Vaasa Energy Business Innovation Centre, University of Vaasa, Yliopistonranta 10, 65200 Vaasa, Finland.
Electrical Engineering, School of Technology and Innovations, University of Vaasa, Yliopistonranta 10, 65200 Vaasa, Finland.
Waste Manag. 2021 May 15;127:147-157. doi: 10.1016/j.wasman.2021.04.042. Epub 2021 Apr 29.
This paper presents a multi-objective optimization (MOO) of waste-to-energy (WtE) to investigate optimized solutions for thermal, economic, and environmental objectives. These objectives are represented by net efficiency, total cost in treating waste, and environmental impact. Integration of the environmental objective is conducted using life cycle assessment (LCA) with endpoint single score method covering direct combustion, reagent production and infrastructure, ash management, and energy recovery. Initial net efficiency of the plant was 16.27% whereas the cost and environmental impacts were 75.63 €/ton-waste and -1.21 × 10 Pt/ton-waste, respectively. A non-dominated sorting genetic algorithm (NSGA-II) is applied to maximize efficiency, minimize cost, and minimize environmental impact. Highest improvement for single objective is about 13.4%, 10.3%, and 14.8% for thermal, economic, and environmental, respectively. These improvements cannot be made at once since the objectives are conflicting. These findings highlight the significance role of decision makers in assigning weight to each objective function to obtain the optimal solution. The study also reveals different influence among decision variable, waste input, and marginal energy sources. Finally, this paper underlines the versatility of using MOO to improve WtE performance regarding the thermal, economic, and environmental aspects without requiring additional investment.

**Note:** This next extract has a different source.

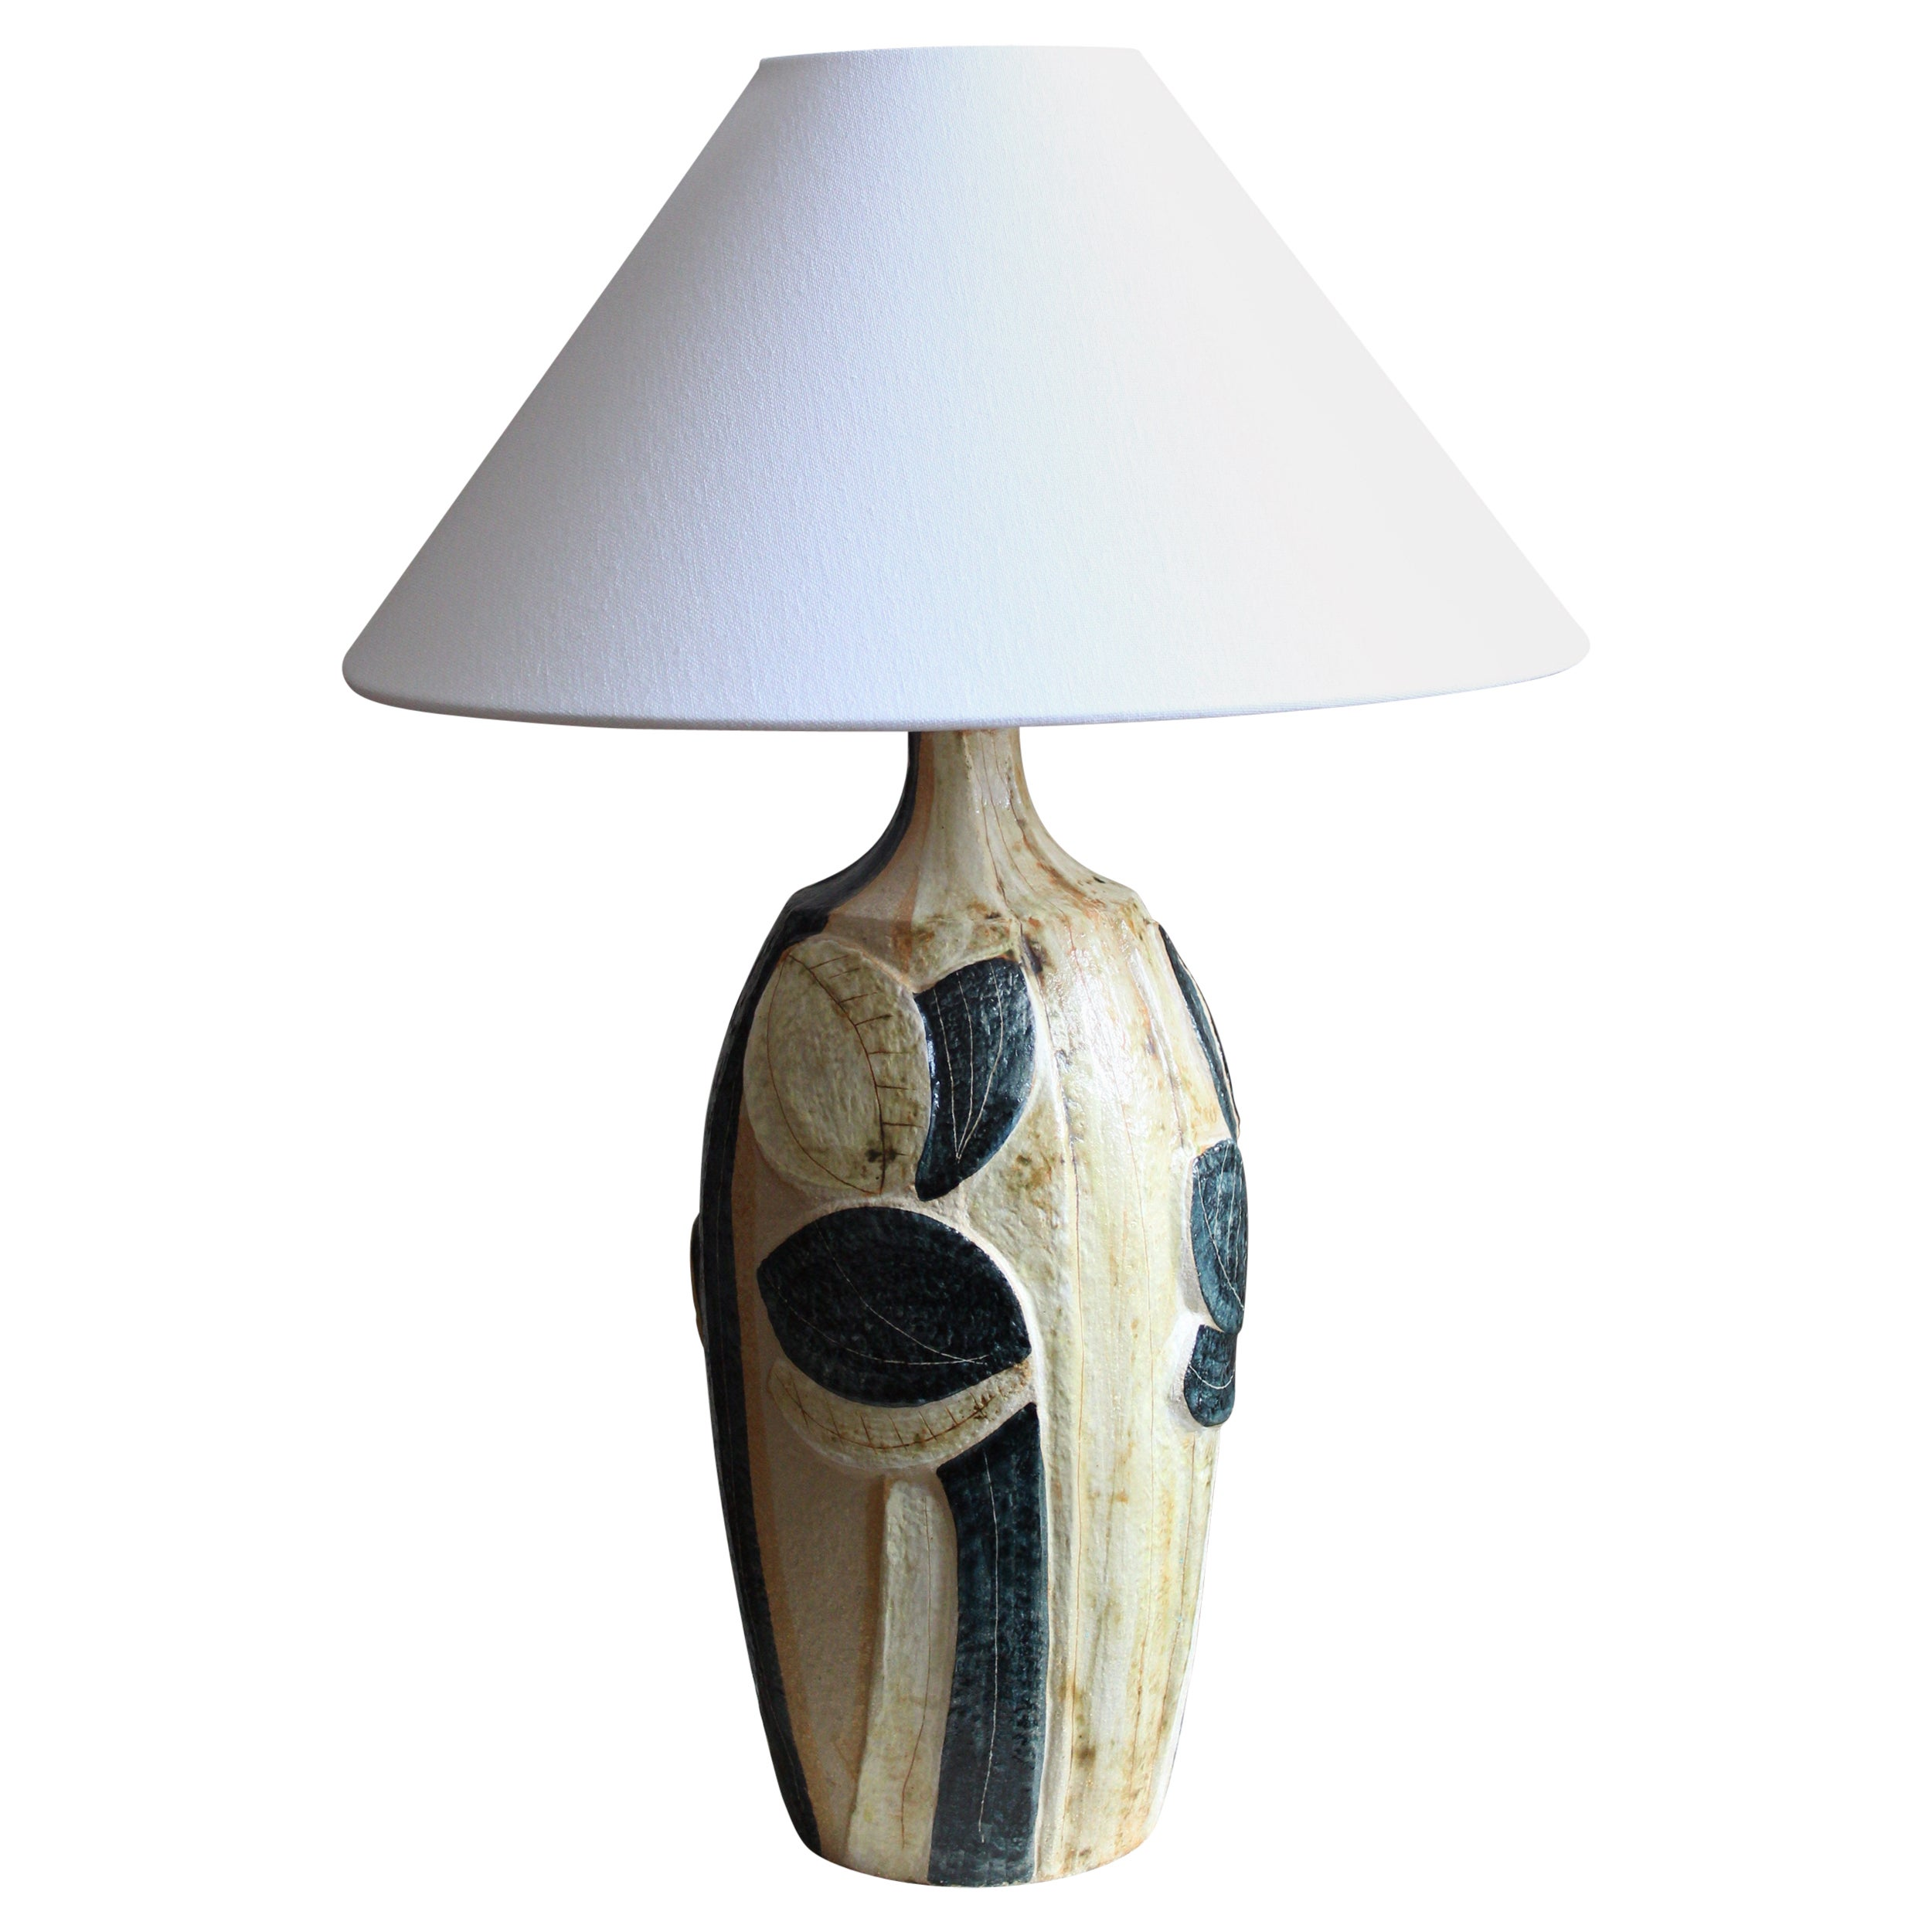 Noomi Backhausen, Large Table Lamp, Stoneware, Søholm, Bornholm, Denmark, 1960s

本文提出了一种能源化废物(WtE)的多目标优化(MOO),以研究热、经济和环境目标的优化解决方案。这些目标由净效率、处理废物的总成本和环境影响来表示。通过使用终点单评分方法的生命周期评估(LCA)来整合环境目标,涵盖直接燃烧、试剂生产和基础设施、灰分管理和能量回收。工厂的初始净效率为 16.27%,而成本和环境影响分别为 75.63 欧元/吨废物和 -1.21×10 Pt/吨废物。应用非支配排序遗传算法(NSGA-II)来最大化效率、最小化成本和最小化环境影响。在单一目标方面,热效率、经济效率和环境效率的最高改进分别约为 13.4%、10.3%和 14.8%。这些改进不能同时实现,因为目标是相互冲突的。这些发现强调了决策者在为每个目标函数分配权重以获得最佳解决方案方面的重要作用。该研究还揭示了决策变量、废物输入和边际能源之间的不同影响。最后,本文强调了使用 MOO 来提高 WtE 在热、经济和环境方面的性能的多功能性,而无需额外投资。